Source information>

((

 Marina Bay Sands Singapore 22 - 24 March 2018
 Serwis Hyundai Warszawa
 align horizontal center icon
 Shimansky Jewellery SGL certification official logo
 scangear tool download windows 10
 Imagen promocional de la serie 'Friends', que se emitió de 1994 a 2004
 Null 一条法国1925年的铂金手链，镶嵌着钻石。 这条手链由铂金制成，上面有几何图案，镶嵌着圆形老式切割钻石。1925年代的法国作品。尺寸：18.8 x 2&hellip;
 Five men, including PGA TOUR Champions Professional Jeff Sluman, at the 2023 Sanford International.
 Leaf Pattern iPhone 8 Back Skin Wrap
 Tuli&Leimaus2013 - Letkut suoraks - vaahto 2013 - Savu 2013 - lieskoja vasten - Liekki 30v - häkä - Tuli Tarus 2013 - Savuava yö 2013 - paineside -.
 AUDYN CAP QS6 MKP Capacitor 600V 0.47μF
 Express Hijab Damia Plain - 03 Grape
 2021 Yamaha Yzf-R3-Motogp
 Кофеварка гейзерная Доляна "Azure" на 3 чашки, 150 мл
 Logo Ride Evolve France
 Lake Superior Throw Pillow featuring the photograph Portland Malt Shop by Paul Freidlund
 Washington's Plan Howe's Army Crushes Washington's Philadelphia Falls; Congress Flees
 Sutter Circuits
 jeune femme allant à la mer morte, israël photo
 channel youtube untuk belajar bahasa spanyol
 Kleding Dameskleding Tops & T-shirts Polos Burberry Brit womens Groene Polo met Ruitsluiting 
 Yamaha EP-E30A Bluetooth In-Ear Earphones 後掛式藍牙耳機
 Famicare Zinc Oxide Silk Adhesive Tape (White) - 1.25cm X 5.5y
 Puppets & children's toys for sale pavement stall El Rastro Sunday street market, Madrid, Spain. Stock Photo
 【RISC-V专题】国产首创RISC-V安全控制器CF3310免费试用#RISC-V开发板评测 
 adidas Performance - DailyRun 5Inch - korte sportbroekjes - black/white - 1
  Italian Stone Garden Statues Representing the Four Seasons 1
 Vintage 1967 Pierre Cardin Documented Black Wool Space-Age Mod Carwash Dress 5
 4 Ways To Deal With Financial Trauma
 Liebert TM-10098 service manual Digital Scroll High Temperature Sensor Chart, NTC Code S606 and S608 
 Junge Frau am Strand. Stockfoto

))

Work to complete> Among the entries above, the line containing "Serwis Hyundai Warszawa", the line containing "Five men, including", and all lines between them are to be restated word for word; nothing else belongs in the reply.

Response below>
 Serwis Hyundai Warszawa
 align horizontal center icon
 Shimansky Jewellery SGL certification official logo
 scangear tool download windows 10
 Imagen promocional de la serie 'Friends', que se emitió de 1994 a 2004
 Null 一条法国1925年的铂金手链，镶嵌着钻石。 这条手链由铂金制成，上面有几何图案，镶嵌着圆形老式切割钻石。1925年代的法国作品。尺寸：18.8 x 2&hellip;
 Five men, including PGA TOUR Champions Professional Jeff Sluman, at the 2023 Sanford International.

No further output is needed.